Currently `undate` supports parsing, formatting, and reasoning with dates in varying precision and calendars; dates with different precision and from different original calendars can be used together. Supported formats include:
- portions of EDTF (Extended Date Time Format)
- ISO8601
- parsing and calendar conversion for dates in Hebrew Anno Mundi and Islamic Hijri calendars
- Gregorian dates with full or abbreviated month names in any order for multiple languages (English, Spanish, French, German, Kinyarwanda, Ganda, Tigrinya)
- Christian liturgical dates (fixed holidays and movable feasts)

For unambiguous dates, there is an experimental omnibus parser which combines all available dates (bare years are currently assumed to be Gregorian calendar).

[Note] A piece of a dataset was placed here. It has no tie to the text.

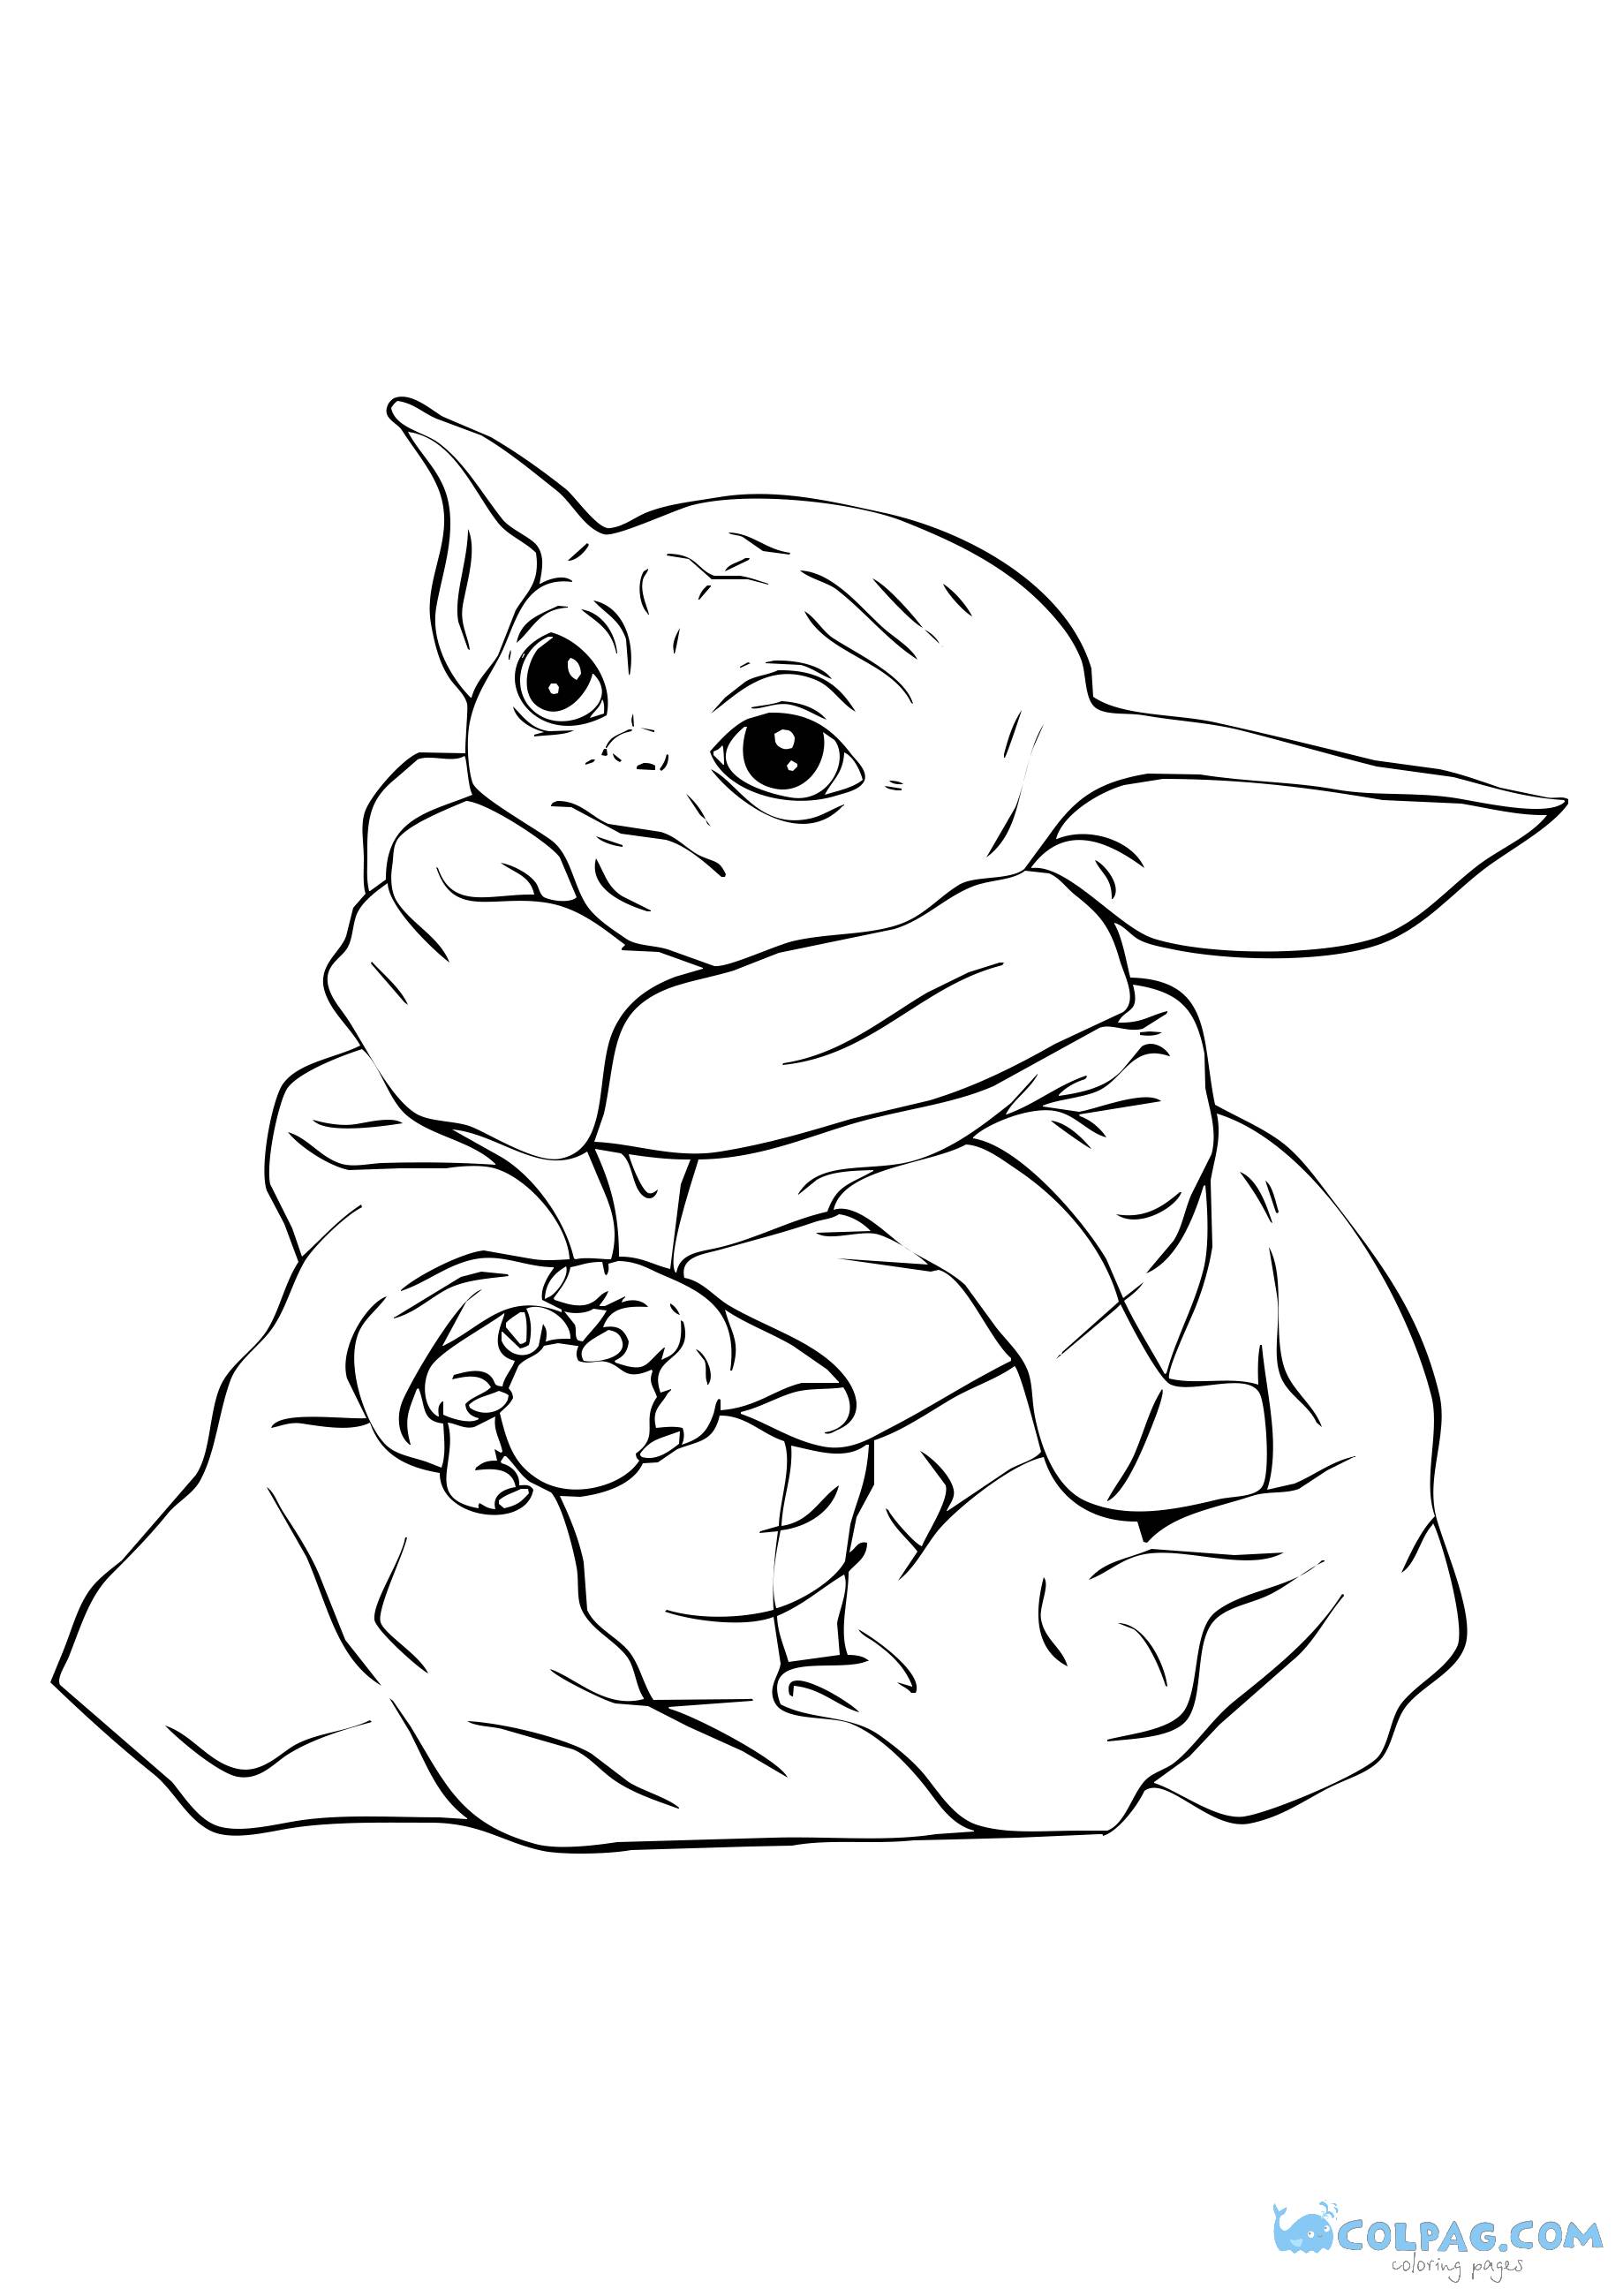 Bebé Yoda nuevos dibujos para colorear

For more about the origin and goals of `undate`, read our 2025 software paper:

> Rebecca Sutton Koeser, Julia Damerow, Robert Casties, and Cole Crawford. “[Undate: Humanistic Dates for Computation](https://doi.org/10.1017/chr.2025.10006).” _Computational Humanities Research_, August 5, 2025.


---

[![DOI](https://zenodo.org/badge/DOI/10.5281/zenodo.11068867.svg)](https://doi.org/10.5281/zenodo.11068867)
[![License](https://img.shields.io/badge/License-Apache_2.0-blue.svg)](https://opensource.org/licenses/Apache-2.0)
[![Documentation Status](https://readthedocs.org/projects/undate-python/badge/?version=latest)](https://undate-python.readthedocs.io/en/latest/?badge=latest)
[![unit tests](https://github.com/dh-tech/undate-python/actions/workflows/unit_tests.yml/badge.svg)](https://github.com/dh-tech/undate-python/actions/workflows/unit_tests.yml)
[![codecov](https://codecov.io/gh/dh-tech/undate-python/branch/main/graph/badge.svg?token=GE7HZE8C9D)](https://codecov.io/gh/dh-tech/undate-python)
[![Ruff](https://img.shields.io/endpoint?url=https://raw.githubusercontent.com/astral-sh/ruff/main/assets/badge/v2.json)](https://github.com/astral-sh/ruff)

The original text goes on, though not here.